Mdeii Life - Anand Krishnamoorthi's blog
Monday, May 26, 2008
Woe, and a quest for reasonable explanations
Miracles don't happen, accepted. But what about coincidences, regression to the mean, blind luck, or generally positive randomness? You know, the stuff that makes people believe in miracles. What if they don't seem to be working as well? If things just happen to be one steep descent into the darkness, you think there is something really screwy and sinister, and this tends to make you believe in sabotage and conspiracies.
Now in my coldly moral scheme of things, imagined persecution and miracles both occupy roughly the same place. But somehow social reinforcement and a general optimism places miracles at a higher pedestal with a sincere incentive to believe in it.
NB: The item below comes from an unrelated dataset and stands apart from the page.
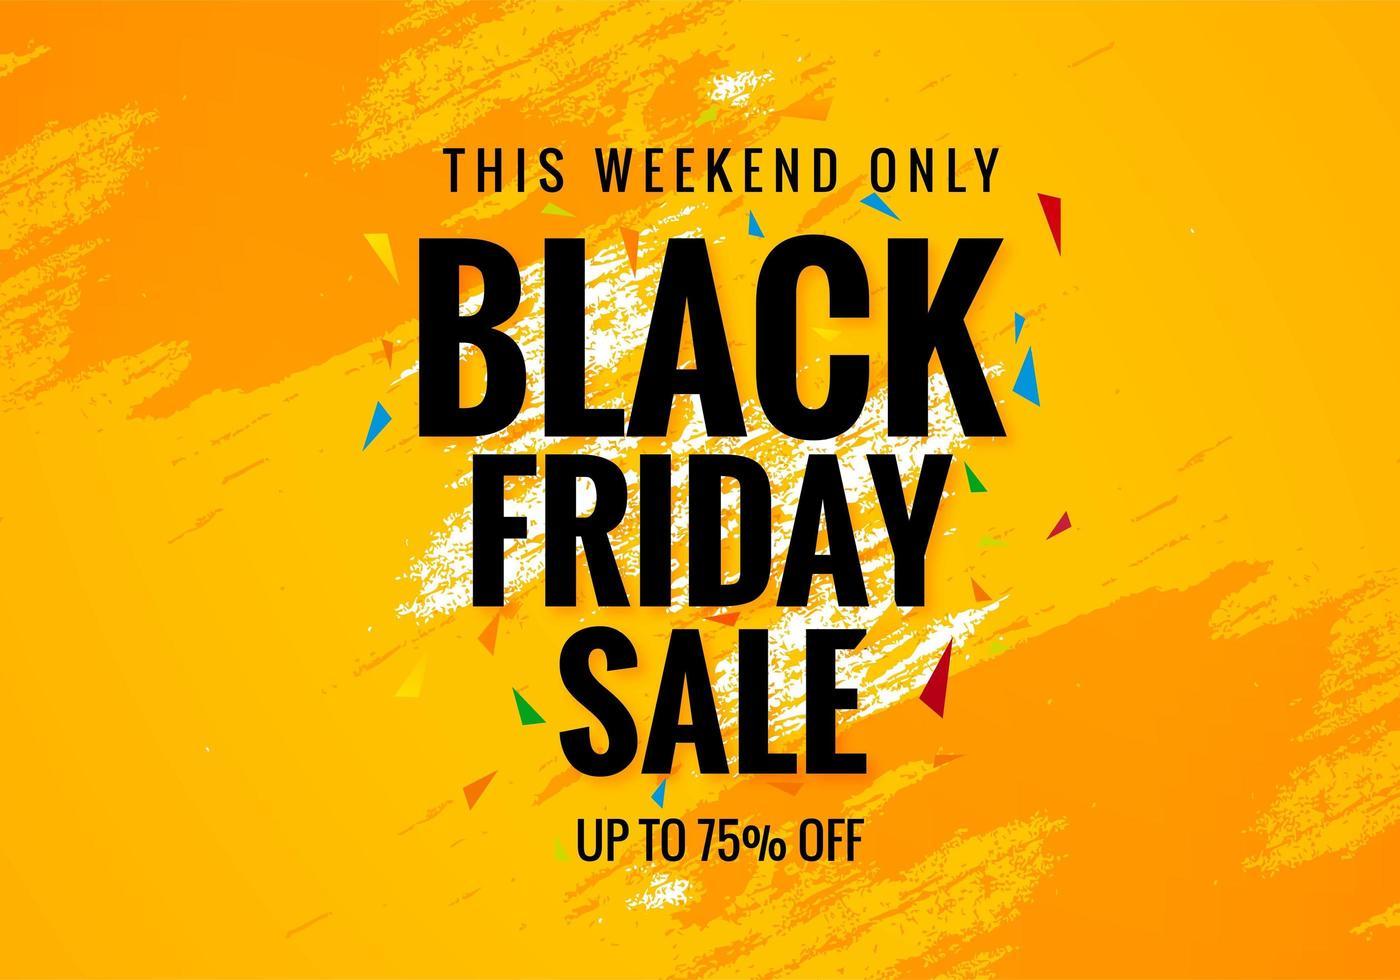 Black Friday Weekend Sale Poster Banner Background vector

That leaves me in a bit of trouble doesn't it? You would call that the optimists curse.
The relentless string of flops, disappointments, shocks, and hurdles would then have to be understood as being part of an even larger randomness, and that I have not given it sufficient time or space to even out. Or maybe, and it is quite possible, this rough patch (if it ever ends) is actually a long overdue 'correction' for all the 'miracles' that have happened before.
So, being a recipient of good fortune in the past comes back to bite as well. Shit!
One way is to not look at the 'fruits of labour' at all, and transform the optimism miracle-belief into a total surrender to its will. Vaishnavism is so damn tempting, just that it would involve Iyengars!
The other option would be to abandon optimism, and endure the great levelling with a Hobbesian resignation. I might be getting it wrong here, but I have a strong suspicion that this quasi-essentialist argument would combine with some amount of reasonable self-pity to drive me to eventually clamor for theothernilu's proposed Bastard Quota. That is way too off my taste, even in the worst of times.
For a self-proclaimed optimist, I do seem to be able to only divine rather nasty options for myself. Could just be the sign of the times. Or probably I just need to go get a life!
PS: Now wait! I might be getting the entire premise wrong. What if there is no 'great levelling'? What if the randomness is not Gaussian, yet not chaotically so, but exhibits a stable Paretian trend? Hmm... I think I need to think about that. Maybe optimism is not that bad after all. Now how do I go about measuring these things?
Tuesday, May 13, 2008
We feed crows every morning, and every time I have set up to take pictures of them eating hot rice like good brahmin ancestors, they never turned up. Too smart to be seen on camera I suppose.
Thursday, May 08, 2008
Priya Venkatesan has become the latest, and best ever to have scuttled another Mrs Pandey draft post. In fact she has absolutely rattled the poor old woman.
Chennai Super Kings are alright, but so far my favourite player has been Piyush Chawla.
I have been out in the sun (briefly) and it is not as hot as it could be. The evenings are splendid.
In three years time when the global film industry goes through another lull, I have an idea that could potentially rake in millions (no, not just betting on it to go through the said slump). BTW for those of you still interested, some of the latest FICCI figures for the Indian E&M industry do not add up, or are terrible typos, or both.
Since I am not into substance abuse, please tell me how else I could give my wit and spirit a 'shot-in-the-arm' that would last a few weeks at-least. I badly need it. Please do not suggest a holiday as I cannot immediately afford one. So whatever you suggest should be feasible within my current work schedule. Thanks.